Fig. 5. Energy spectra for the bilayer topological system with the same periodically modulated on-site potentials.

a–c Energy spectra versus ϕ of a finite ladder with 30 sites for the same modulated amplitudes Δ_↑/2π = Δ_↓/2π = 12 MHz with J_⊥/2π = 1 MHz (a), J_⊥/2π = 7 MHz (b), and J_⊥/2π = 15 MHz (c).
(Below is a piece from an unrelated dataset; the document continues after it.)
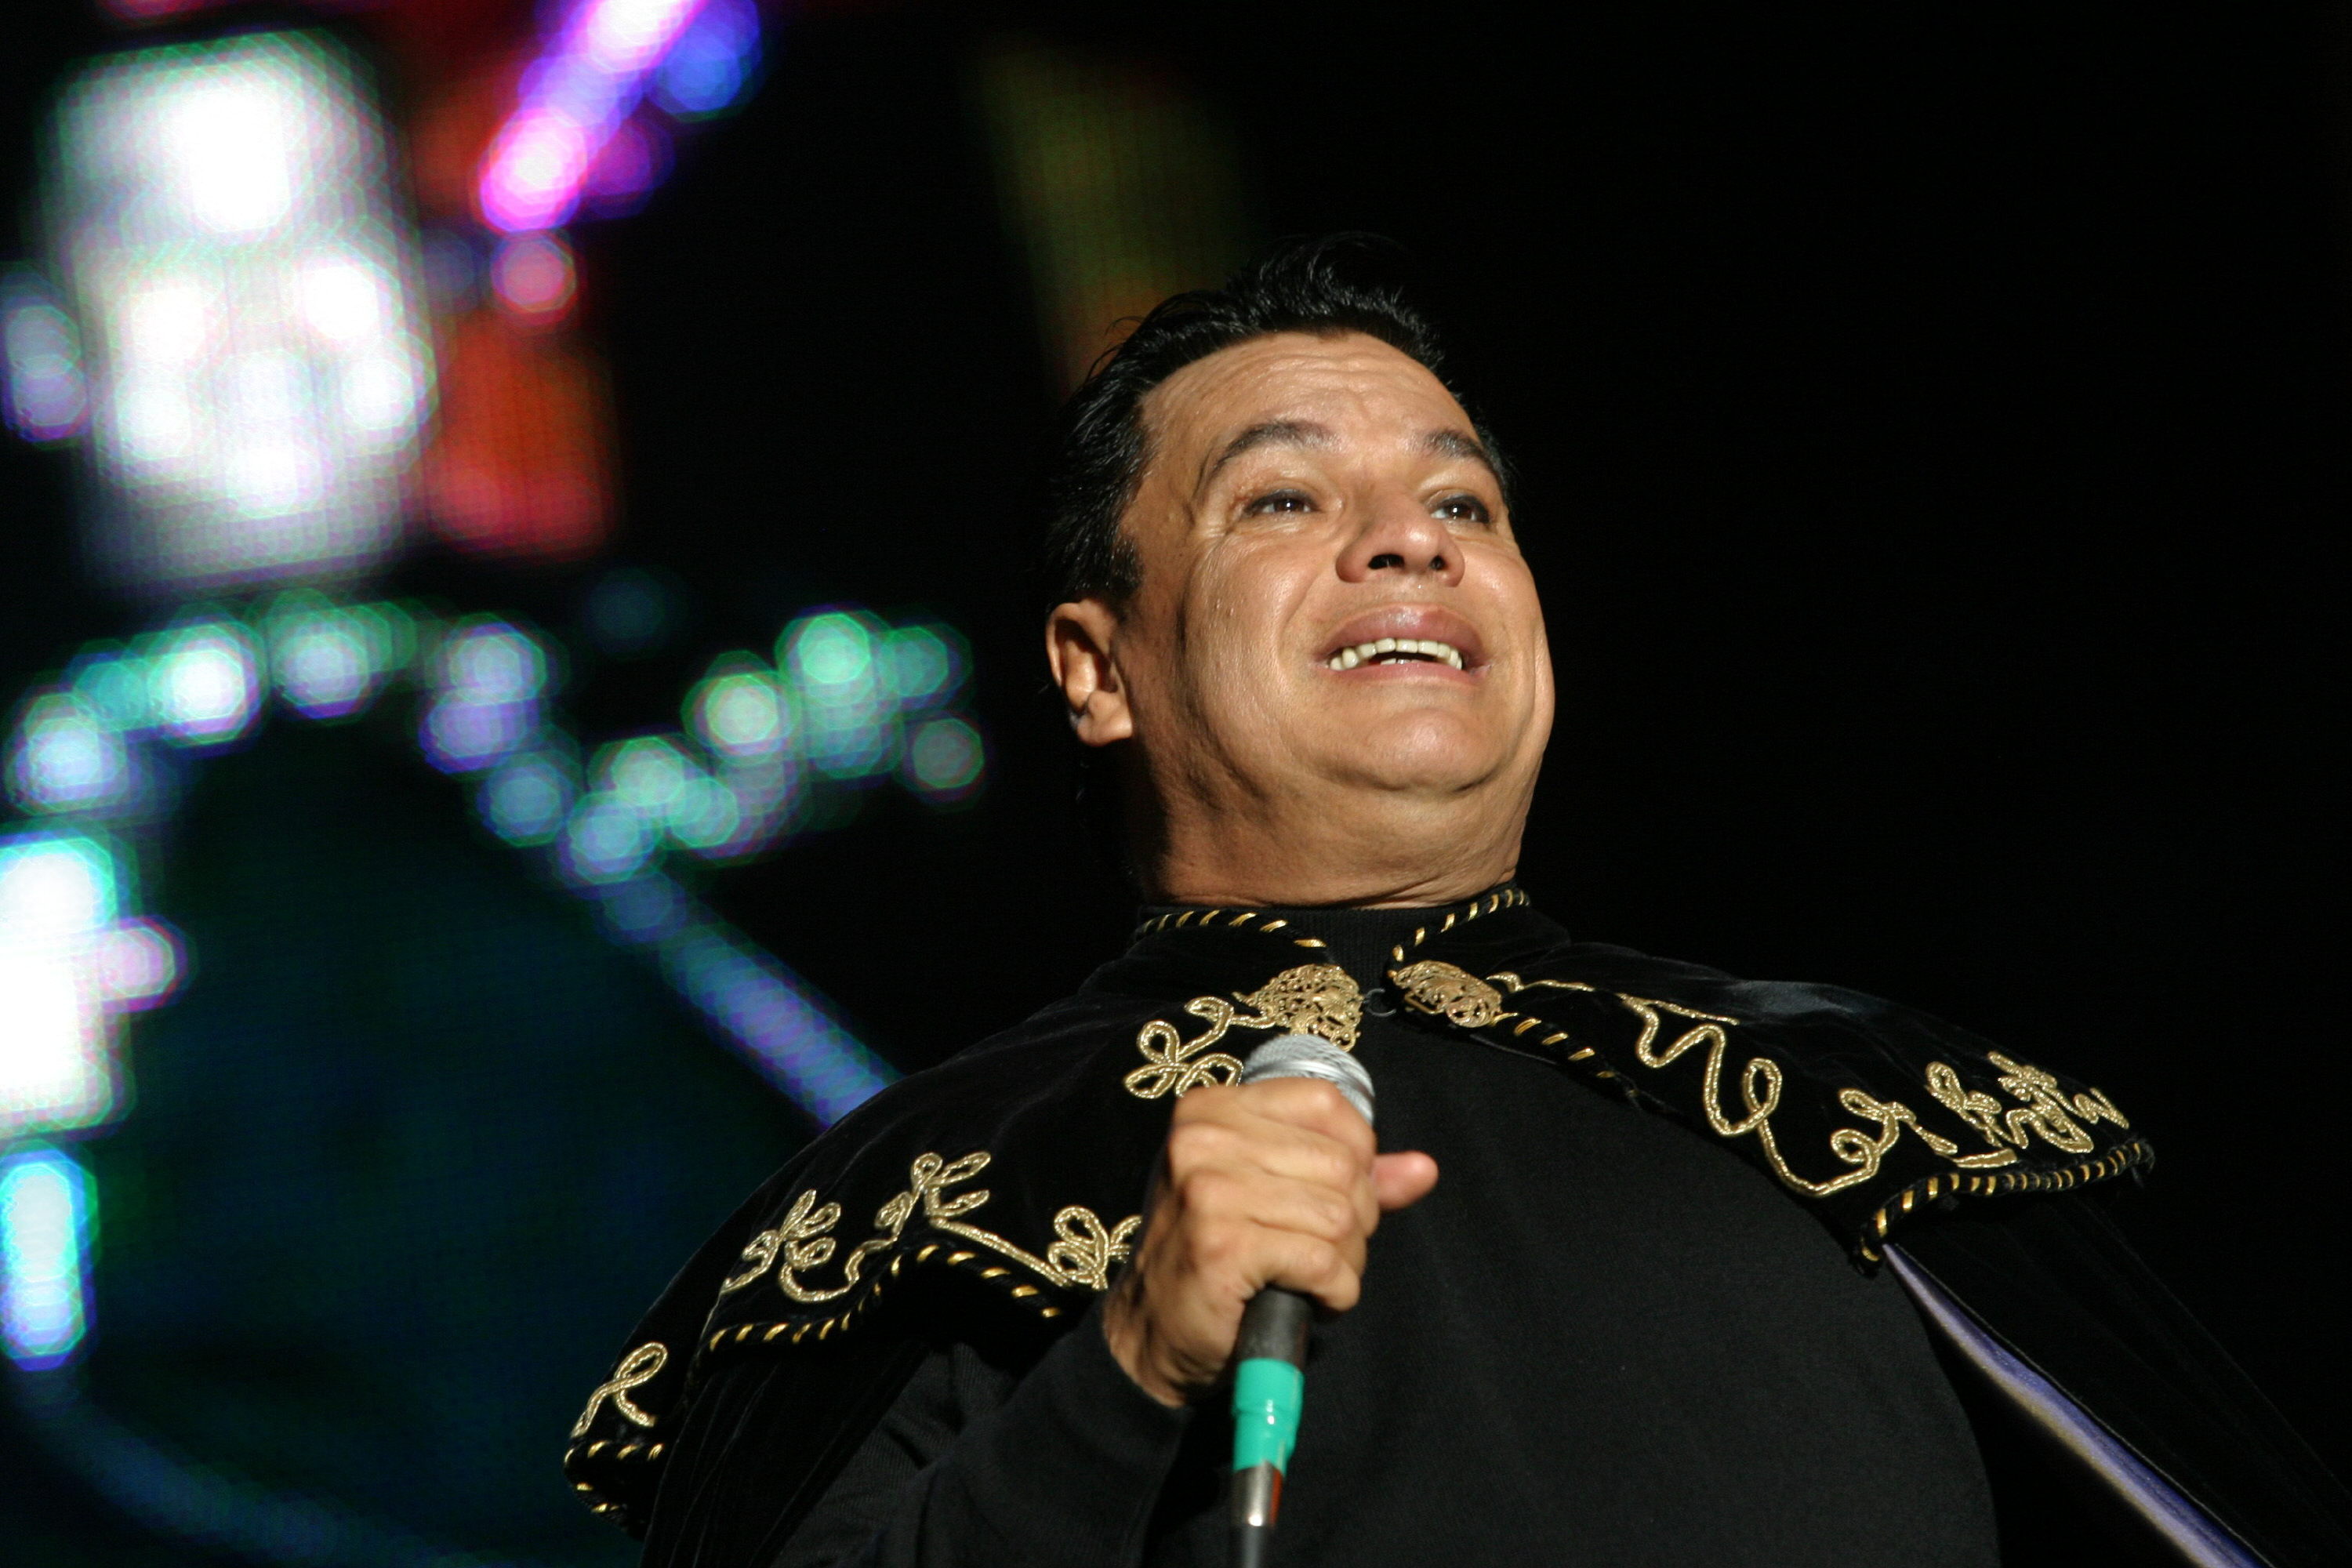 El Divo de Juárez falleció en Santa Mónica, California, EE.UU. a una noche de un multitudinario concierto.

Other parameters used are J_∥/2π = 8 MHz, $J_{\parallel }^{\prime }=0.1J_{\parallel }$, and J_× = 0.2J_∥.

Methods

System Hamiltonian

Our superconducting quantum processor can be described as a Bose-Hubbard ladder with a Hamiltonian (ℏ = 1)^28,29

$$H_{\mathrm{BH}}=J_{\parallel }\sum _{j,s}\left({\widehat{a}}_{j,s}^{†}{\widehat{a}}_{j+1,s}+\mathrm{H.c.}\right)+\sum _{j,s}\frac{{\eta }_{j,s}}{2}{\widehat{n}}_{j,s}\left({\widehat{n}}_{j,s}-1\right)+J_{\perp }\sum _j\left({\widehat{a}}_{j,\uparrow }^{†}{\widehat{a}}_{j,\downarrow }+\mathrm{H.c.}\right)+\sum _{j,s}{V}_{j,s}{\widehat{n}}_{j,s},$$ 4

where ${\widehat{a}}^{†}$ ($\widehat{a}$) is the bosonic creation (annihilation) operator, and $\widehat{n}\equiv {\widehat{a}}^{†}\widehat{a}$ is the number operator. Here, J_∥/2π ≃ 8 MHz and J_⊥/2π ≃ 7 MHz denote the nearest-neighbour (NN) hopping between nearby qubits on the same leg and on the same rung, respectively. Also, η is the on-site nonlinear interaction, and V_j,s is the tunable on-site potential.

Our device is designed to fulfil the hard-core limit ∣η/J∣ ≫ 1, and thus, the highly occupied states of transmon qubits are blockaded, which represents fermionisation of strongly interacting bosons³⁰. The system Hamiltonian can then be simplified as

$$H=J_{\parallel }\sum _{j,s}\left({\widehat{c}}_{j,s}^{†}{\widehat{c}}_{j+1,s}+\mathrm{H.c.}\right)+\sum _{j,s}{V}_{j,s}{\widehat{c}}_{j,s}^{†}{\widehat{c}}_{j,s}+J_{\perp }\sum _j\left({\widehat{c}}_{j,\uparrow }^{†}{\widehat{c}}_{j,\downarrow }+\mathrm{H.c.}\right),$$ 5

where ${\widehat{c}}^{†}$ ($\widehat{c}$) is the hard-core bosonic creation (annihilation) operator with ${\left({\widehat{c}}^{†}\right)}^2={\widehat{c}}^2=0$, and $\left[{\widehat{c}}_{j,s}^{†},{\widehat{c}}_{i,r}\right]={\delta }_{ji}{\delta }_{sr}$.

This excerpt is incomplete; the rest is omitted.